Leaven Blog

Why is September not July?

by Olivia Martin

A couple days ago I had a dilemma.

A friend had asked me via text message when we might go on a trip together and I replied, “Maybe Aug or sept.”

Now, my phone automatically capitalized the “aug” I originally had typed to “Aug,” because, you know, phones are getting smarter all the time and it knew I was referring to the month. 

But it didn’t automatically capitalize “sept.”

That’s when I quickly rationalized that of course it didn’t capitalize “sept” for me because it’s another way to indicate the number seven.

And that got me thinking: Why on earth does September fall on the ninth month instead of the seventh?

It didn’t take long to find the answer, once I took my question to Google. But I felt as if I — and all of Western civilization with me — had been duped.

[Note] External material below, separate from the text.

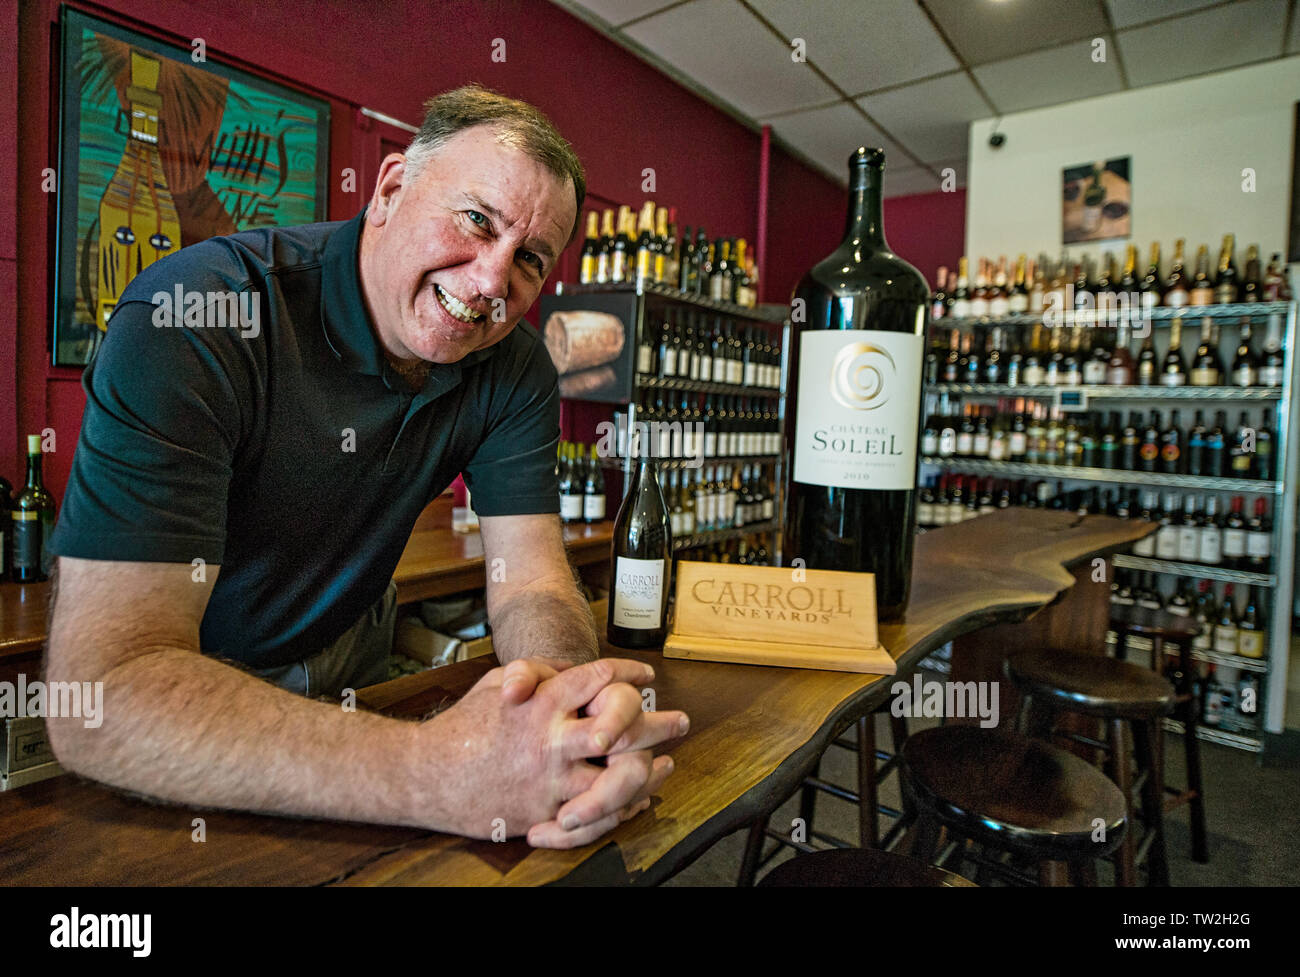 UNITED STATES - November 16. 2015: Mike Carroll poses for a photo at his shop in downtown Leesburg Virginia. The photo was taken for a feature story o Stock Photo

It turns out that the Romans used to have 10 months in their calendar, which began in March. The Roman calendar accounted for 304 days within its 10 months — and the remaining 61 winter days were ignored. In that ancient calendar all was right with the world — September was the seventh month, October eighth and so forth.

So, it all used to make sense — until the world got a better understanding of astronomy.

I thought it was Julius and Augustus Caesar who messed everything up, but I was wrong.

It turns out that just Julius Caesar and the Egyptians are the ones to blame.

Julius had spent 48-46 B.C. in Egypt where he learned of their 365-day calendar. So, after Julius took office, he added January and February to the year 46 B.C. and they were inaugurated the following year in 45 B.C.

Before Julius, July was called “Quintilis,” meaning five, and later, when Augustus became emperor, he changed “Sextilis” to August. 

So, I guess you could say in a way they messed us up. But the correlation of the months’ names with their placement in the year had already ended.

So, what has this got to do with the price of tea in China?

February was named after the Latin word februum, which means purification.

And I don’t think this month’s name could have been more aptly given. It’s strangely a perfect segue into Lent, which begins March 6 this year.

Since learning about the calendar and the names of the months, I’m now challenged by February to go beyond complaining about the snow and cold and to recalibrate my perspective, recognizing it as an opportunity for purification.

After all, what is life if not lived positively?